Phil Hersey, Heiko Ziehms and Anna Hartley of Berkeley Research Group explain how the new revenue recognition rules will affect M&A disputes
Revenue recognition has been the battleground for some of the largest and most complex M&A-related disputes.
While International Financial Reporting Standard 15: Revenue from Contracts with Customers (IFRS 15), a new accounting standard for recording revenue, could have a significant impact on M&A transactions, there is no indication that revenue recognition will be less relevant to disputes in the future.
This is due to the judgment required under IFRS 15 on the part of the preparer of financial information, and its link to the valuation of the target company and the completion mechanism. With this in mind, the nature of revenue recognition disputes itself may evolve.
IFRS 15, applicable to accounting periods beginning on or after 1 January 2018, has been developed in parallel with equivalent changes to US Generally Accepted Accounting Principles (GAAP).
The purpose of the new standard is to remove inconsistencies in current revenue recognition practice, provide a more robust framework for addressing revenue issues and improve comparability of revenue reporting across sectors and jurisdictions.
In the short and medium term, the transition between the old and new rules will create challenges in an M&A context in several ways.
Under the new rules, revenue recognition may be accelerated or delayed, affecting reported profitability, working capital, net debt or other deal metrics, potentially impacting the closing balance sheet or earnings adjustment mechanism.
The new rules also mean that forecasts stated using the new rules may differ materially from those provided during due diligence, or those forming the basis for the transaction price.
Changes in earnings could impact profits available for distribution or could result in non-compliance with loan covenants, triggering indemnity clauses, when the new rules come into force.
IFRS 15 will also mean that earn-outs clauses negotiated using accounts prepared under the old rules, could result in materially different compensation when the agreed earn-out methodology is applied using accounts prepared under the new rules.
In the long term, there is no reason to expect that revenue recognition will be less relevant to M&A-related disputes, as revenue recognition plays a prominent role in these disputes for two reasons.
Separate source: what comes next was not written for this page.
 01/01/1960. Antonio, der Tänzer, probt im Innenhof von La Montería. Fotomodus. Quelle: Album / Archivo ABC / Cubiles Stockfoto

Firstly, revenue recognition is an important link between a target company’s accounting information and its valuation. Additional sales increase the reported earnings in any given period. This increase in earnings may result in an increase in the transaction value, magnified by the transaction multiple. EBIT or EBITDA-based valuations often provide a significant incentive to maximise reported earnings even for sellers who have no intention to deceive investors.
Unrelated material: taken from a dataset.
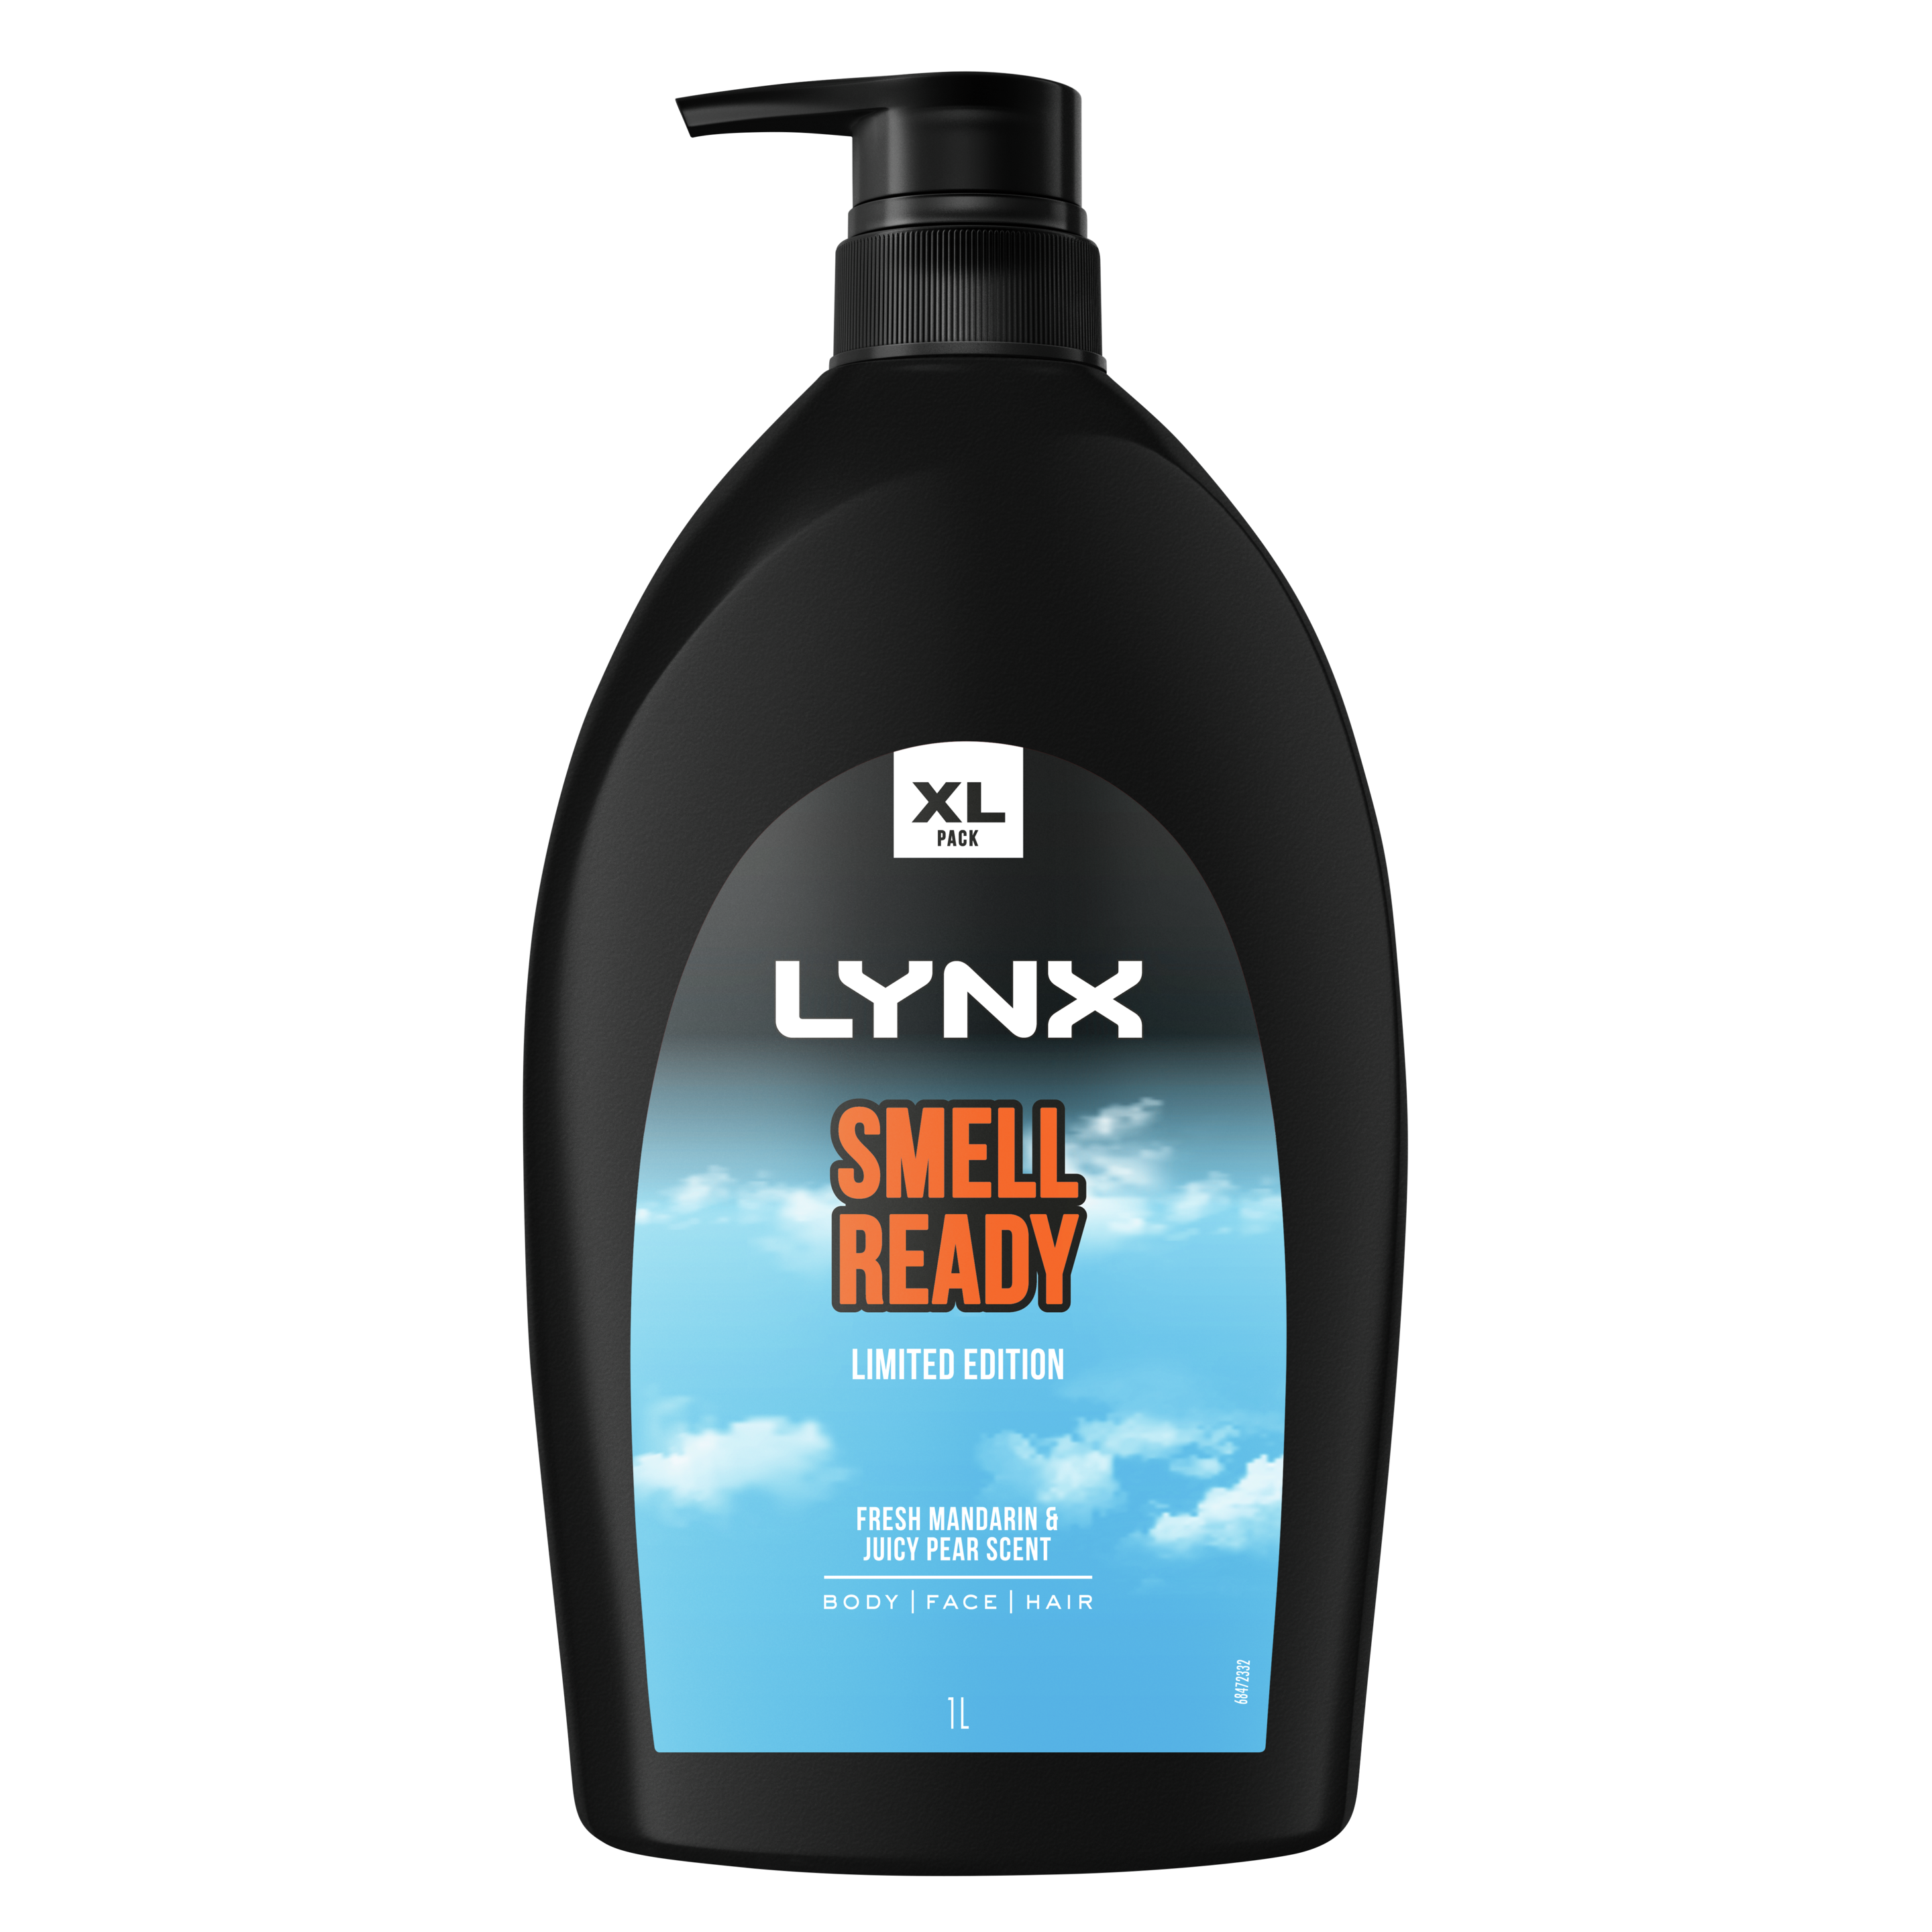 Lynx Smell Ready Limited Edition Body Wash XL

The second reason is derived from the fact that revenue recognition is a significant judgment area in accounting. The seller’s judgment and estimates are typically applied to historical financials that are often the basis for the buyer’s valuations. At the time of the deal, the buyer has less information than the seller concerning the target company. If the buyer considers that the seller’s judgment was biased or estimates turn out to be incorrect in hindsight, the buyer may feel they overpaid.
The new standard continues to have important areas of judgment (albeit different from those in existing standards). For example, IFRS 15 requires that for long-term contracts where revenue may be recognised over time, the percentage of the performance obligations satisfied is subject to estimates, including appraisals of results achieved, surveys of work completed, time elapsed, milestones reached, units produced, costs incurred, and labour hours expended. Appraisals, surveys of work completed and estimation of total hours or costs of a project will involve technical knowledge and judgment.
Additionally, under IFRS 15, estimates are required for contracts with variable consideration or where some goods are expected to be returned by customers. These and other estimates of probabilities or amounts can be biased or, in hindsight, turn out to be incorrect.
IFRS 15 will not only lead to different accounting treatments once the transition to the new standard has occurred, but also to uncertainty during the transition itself.
Beyond affecting reported earnings, IFRS 15 may require wider changes to customer contracts or loan agreements; legal matters that may not receive sufficient attention during busy negotiations.
The motivation behind the changes is improved comparability in financial reporting between companies and across industry sectors. This is a worthy objective, however, in the short and medium term, the changes introduce additional complexity into the financial and accounting aspects of M&A transactions.
In the long term, revenue recognition issues will continue to play a prominent role in M&A-related disputes.
Phil Hersey is director of Berkeley Research Group and a forensic accountant with over 15 years’ experience. Heiko Ziehms is managing director of Berkeley Research Group. Anna Hartley is a senior associate at Berkeley Research Group.
The views and opinions expressed in this article are those of the author and do not necessarily reflect the opinions, position, or policy of Berkeley Research Group, LLC or its other employees and affiliates.